Дом душ (страница 7)

Страница 7

– Всегда до недавнего времени – на самом деле прошлого воскресенья. Конечно, Элис тут же поговорила с Джорджем Мерри и, будучи девушкой разумной, объявила, что женатой паре не пристало жить у матери мужа, «особенно», добавила она, «когда я вижу, что не пришлась твоей матери по душе». Он ответил в обычном духе, что таков уж ее характер да что она не всерьез и все тому подобное; но Элис долгое время с ним не встречалась и, думаю, намекнула, что ему может понадобиться выбрать между ней и матерью.

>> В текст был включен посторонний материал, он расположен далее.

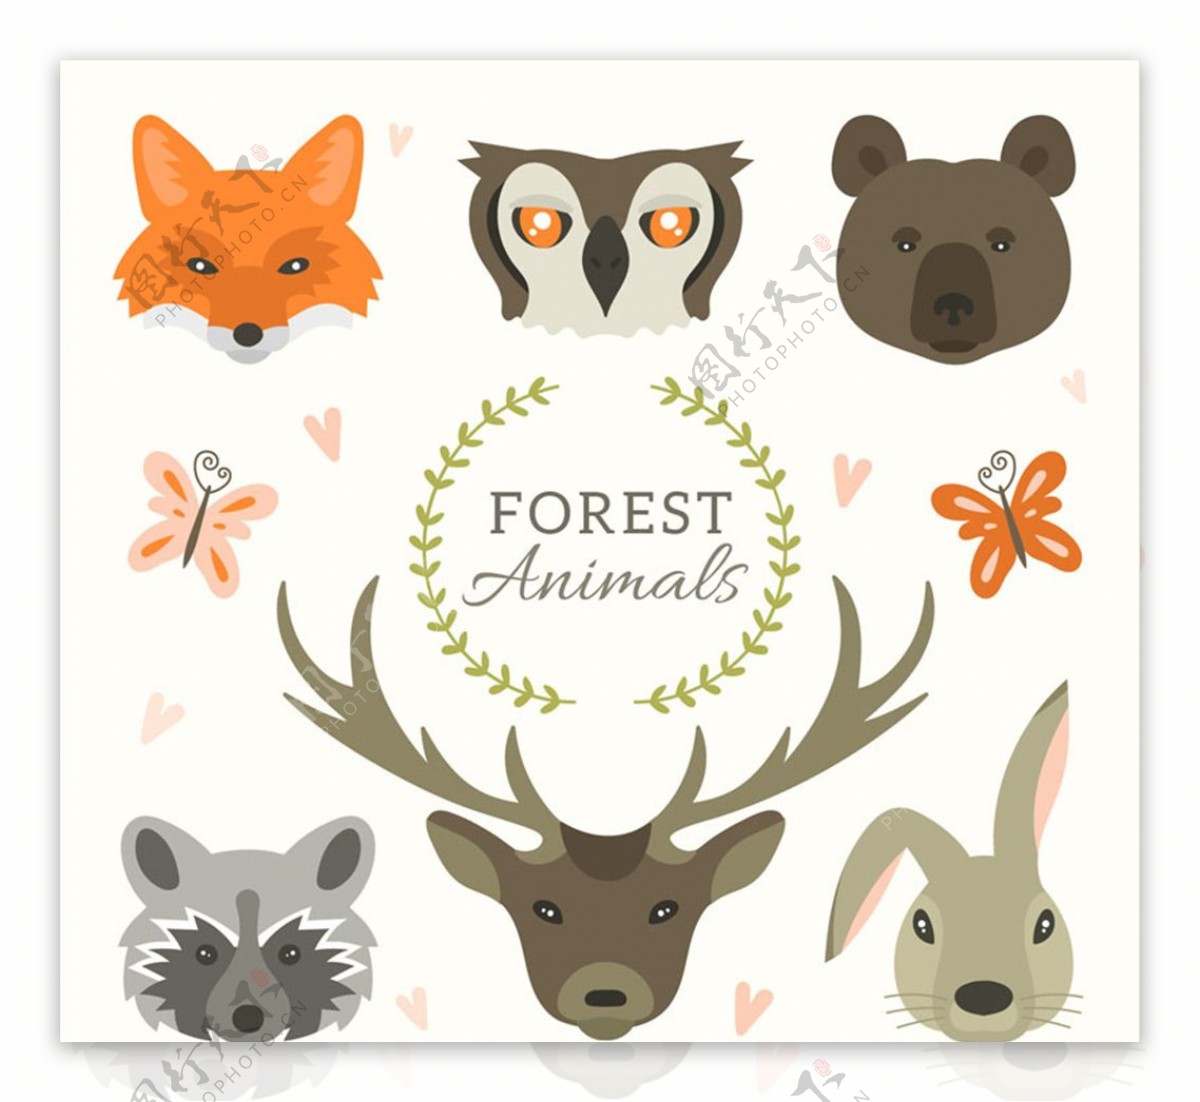 8款森林动物设计矢量素材

Так продолжалось всю весну и лето, а потом, перед самыми августовскими банковскими каникулами, Джордж снова поднял с Элис эту тему и заявил, как переживает и хочет, чтобы они с матерью поладили, да что она всего-то самую малость старомодна и странновата, а сама, когда рядом никого нет, отзывается об Элис очень тепло. В общем, Элис разрешила пригласить его мать в понедельник, когда они уговорились ехать в Хэмптон-корт[28] – а девушка только и говорит о Хэмптон-корте и как хочет на него посмотреть. Помнишь, какой тогда выдался приятный денек?

– Дай-ка подумаю, – сказал отрешенно Дарнелл. – Ах да, конечно, – я весь день просидел под шелковицей и там же мы перекусили; славный получился пикник. Разве что докучали гусеницы, но я так радовался тому дню.

Его уши были зачарованы, наслаждались торжественной небесной мелодией, словно древней песней из того первозданного мира, где вся речь напевна, а слова – символы силы, обращавшиеся не к разуму, а к душе. Он откинулся на спинку кресла и спросил:

– Так что с ними случилось?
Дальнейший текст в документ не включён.